The underlying purpose of laboratory automation and laboratory informatics is to increase productivity, improve data quality, to reduce laboratory process cycle times, and to facilitate laboratory data acquisition and data processing techniques that otherwise would be impossible. Laboratory work is, however, just one step in a broader business process – and therefore, in order to realise full benefit from being ‘smart’, it is essential that the laboratory workflow is consistent with business requirements and is integrated into the business infrastructure in order for the business to achieve timely progress and remain competitive.

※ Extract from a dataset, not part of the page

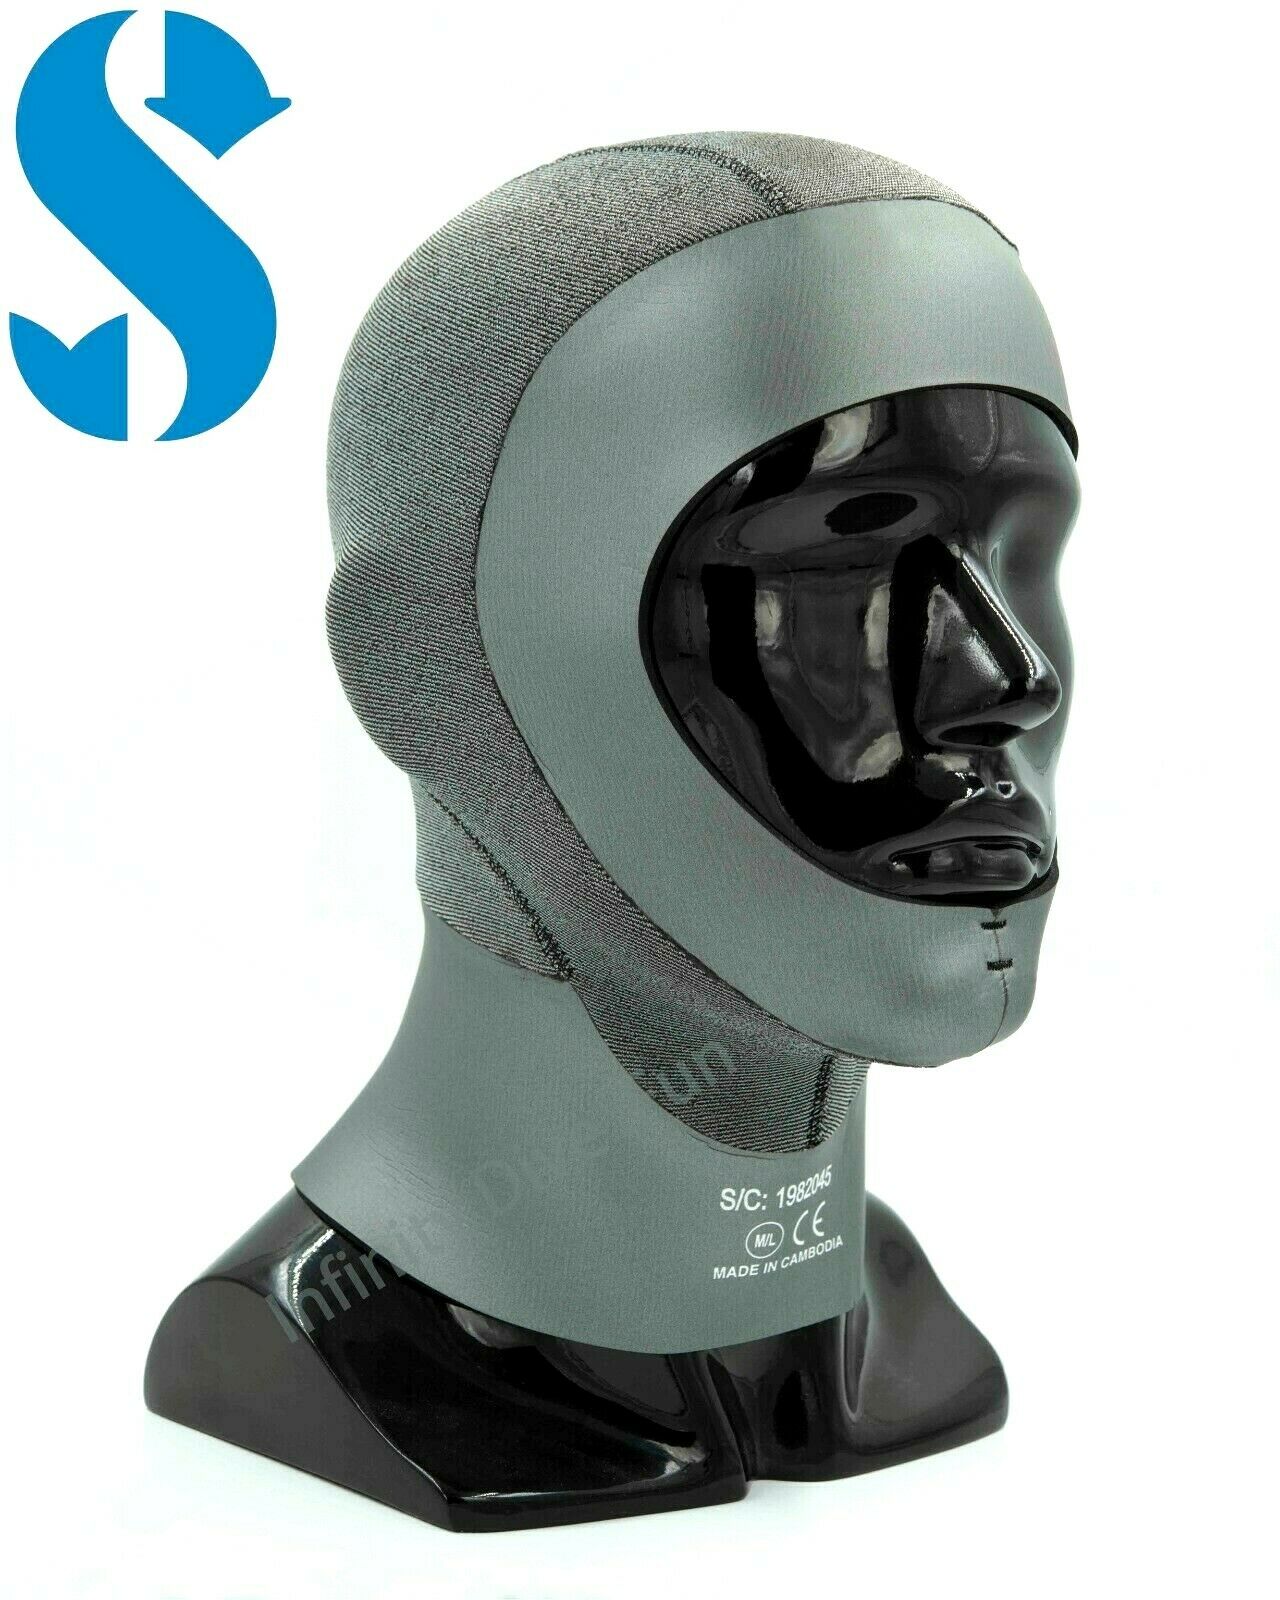 Scubapro Everflex 5/3mm 带密封半干式头罩
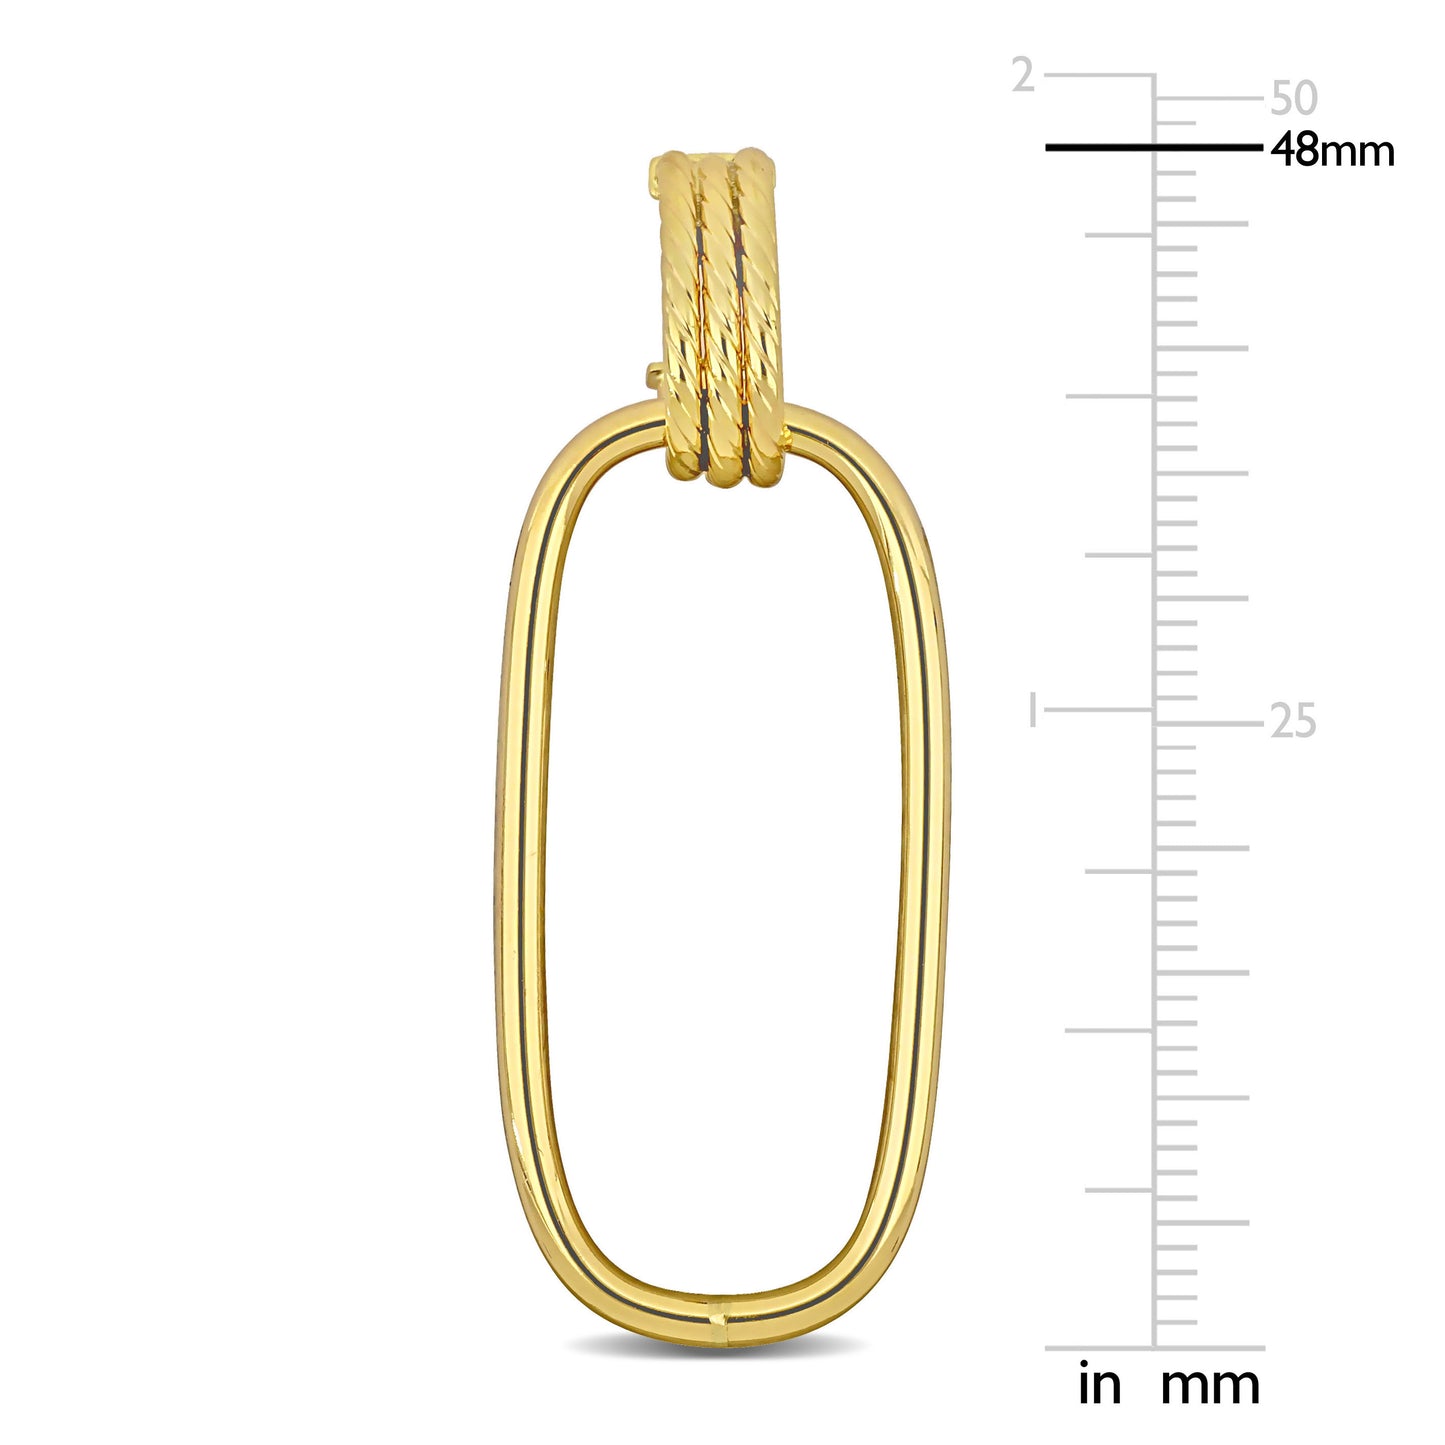 Hanging Hoop Earrings in 10k Yellow Gold

Further afield: Beyond the laboratory will examine the relationship between laboratory processes and workflows with key business issues such as regulatory compliance and patent evidence creation, and will also address productivity and business efficiency.
Practical considerations in specifying and building the smart laboratory is therefore devoted to the process of making the laboratory ‘smart’, taking into account the functional needs and technology considerations to meet the requirements of the business, and addressing the impact of change on laboratory workers.